WORK REQUEST:
Would you please repeat, word for word, only the lines from the one holding "Hệ tủ bếp Treasia" through the one holding "Una tomografía sirve" in the material below, without the pictures?

PROVIDED RECORDS:

—————

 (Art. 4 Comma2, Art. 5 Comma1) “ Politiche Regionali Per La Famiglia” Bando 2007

—————

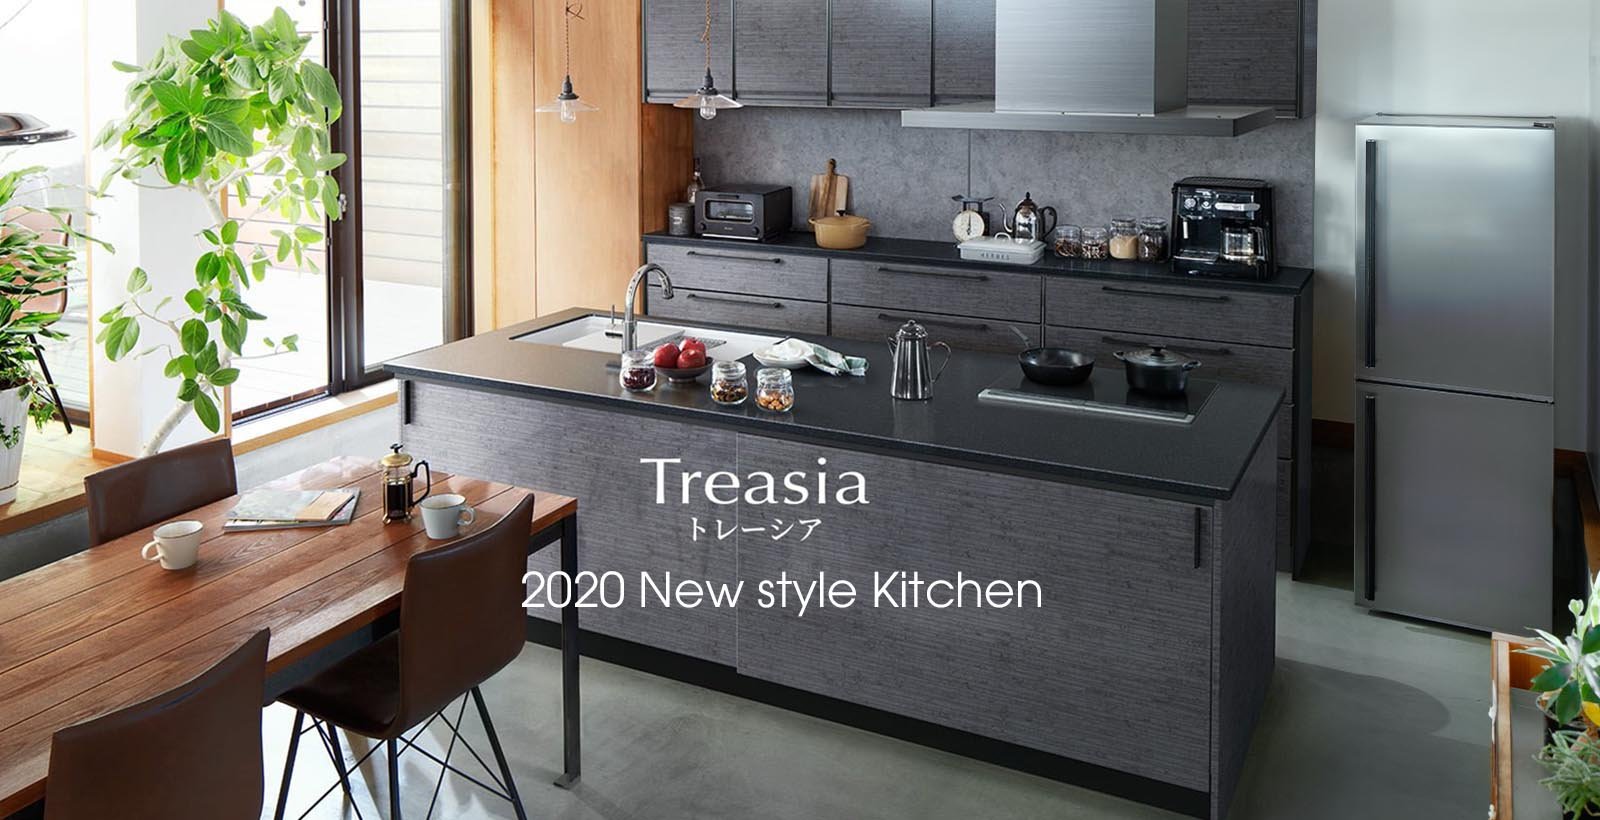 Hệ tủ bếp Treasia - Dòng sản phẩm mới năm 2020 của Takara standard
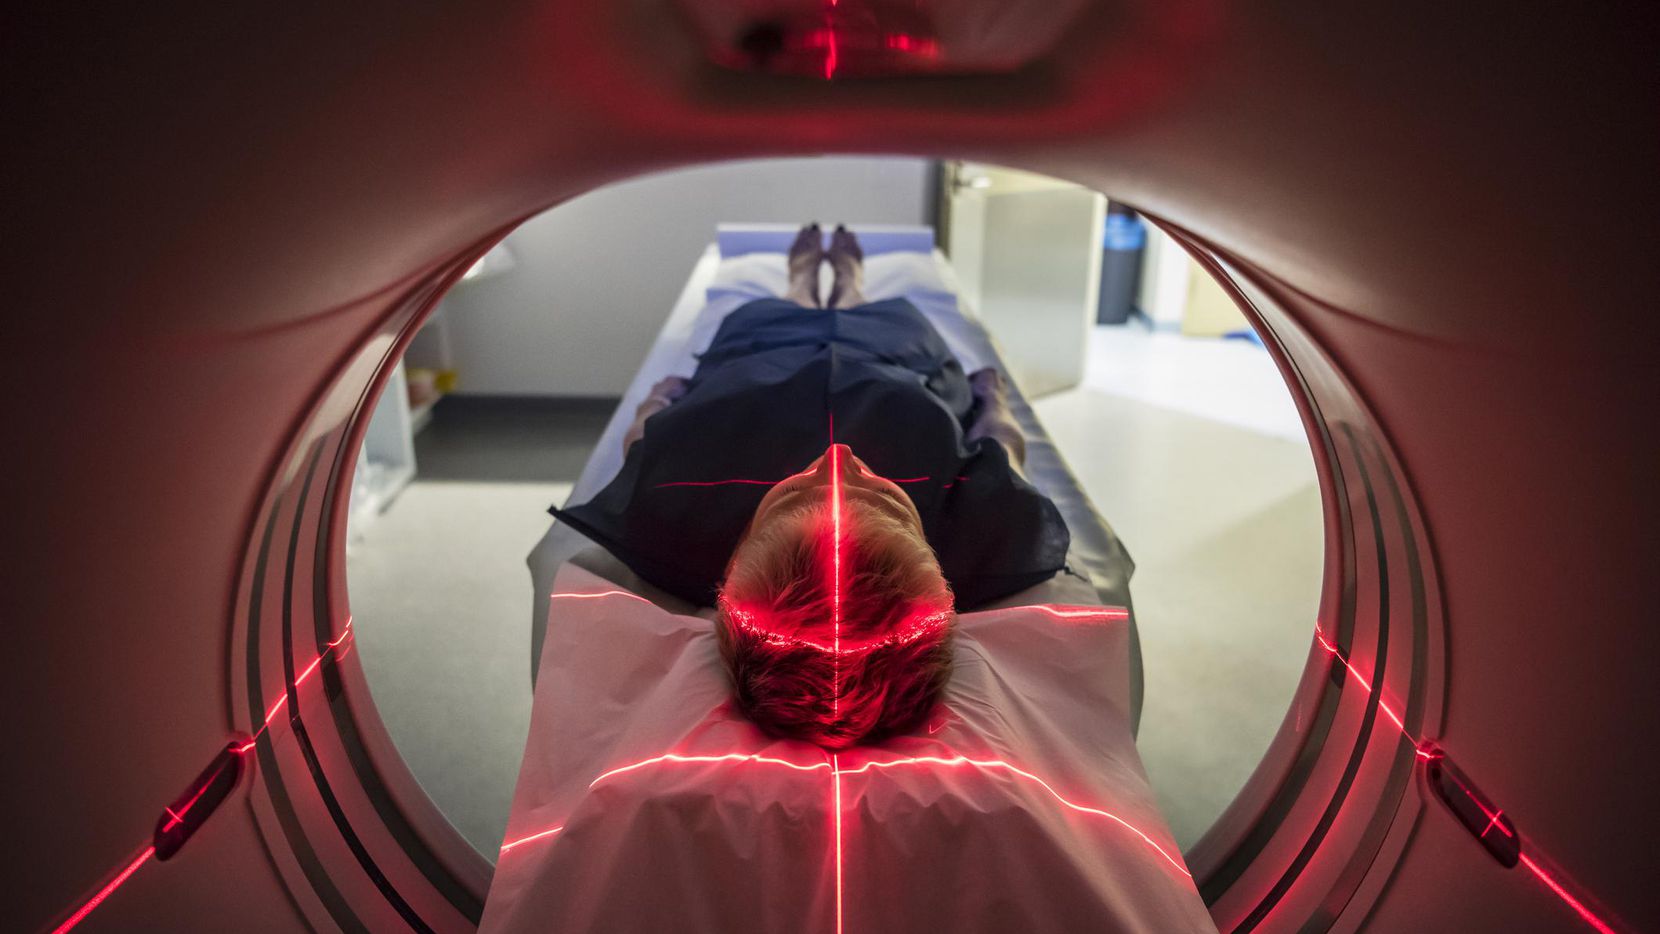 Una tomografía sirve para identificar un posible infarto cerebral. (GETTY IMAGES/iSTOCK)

—————

EXERCISE RESPONSE:
 Hệ tủ bếp Treasia - Dòng sản phẩm mới năm 2020 của Takara standard
 Una tomografía sirve para identificar un posible infarto cerebral. (GETTY IMAGES/iSTOCK)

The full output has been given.